Dasilva batendo o fundo do isqueiro na palma da mão enquanto conversava,


perguntou:

__O Elias sofreu muito? Quero saber se ele gemeu? Se gritou?

O Investigador Daniel respondeu:

__O Elias só não cagou na roupa porque tava vestido só de cueca! Tá um fedor
danado lá atrás... De urina e de merda!

O Agente Jusvaldo parecia pensativo com as mãos enfiadas nos bolsos das
calças, olhava os próprios sapatos quando olhou para Dasilva e disse:

__Eu não tenho muito tempo na Polícia igual vocês, mas eu não posso dizer
que já vi muitos malandros fortes iguais esse Elias! O homem é duro que parece feito de
pedra, a gente moeu ele na pancada e ele não abre a boca pra dizer nada... Só pra fazer
gracinha e abusar da nossa cara...

Dasilva franziu o cenho e sacudiu a cabeça enquanto interrompia as palavras de


Jusvaldo dizendo:

__Quê isso Jusvaldo? O Elias não é assim tão forte não... O Pedro Cobrinha era
bandido muito mais forte e aguentou mais que isso!

__É, mas ele morreu e morreu sem dizer nada! __disse o Agente Jusvaldo __.
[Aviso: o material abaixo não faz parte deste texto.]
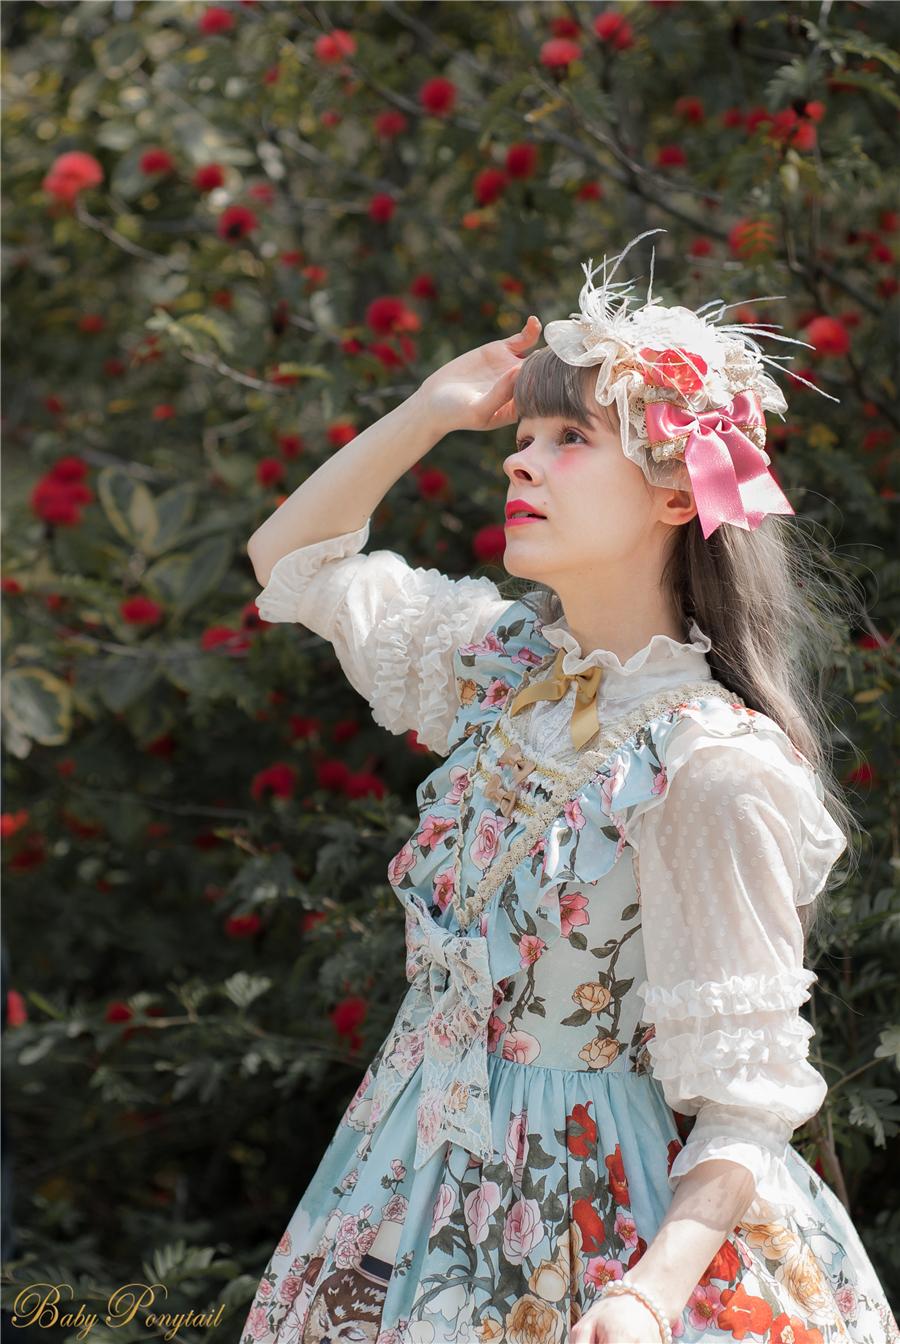 Baby Ponytail_Model Photo_Polly's Garden of Dreams_JSK Sky_Claudia07.jpg

Dasilva voltou ao assunto:

__Se Elias morrer, terra na Cascalheira é o que não falta... Morreu a terra
saibrosa enterra; uai!

__Pra mim esse homem é aroeira... A gente devia era voltar com ele lá pra
Cascalheira e terminar o serviço!__ disse o Agente Jusvaldo com ar de convicção__

O Investigador Daniel olhou em direção ao porta-malas onde Elias estava e


disse:

__Aroeira que não conhece machado apodrece e tomba de velhice, mas no corte
de um bom machado não tem aroeira que não caia!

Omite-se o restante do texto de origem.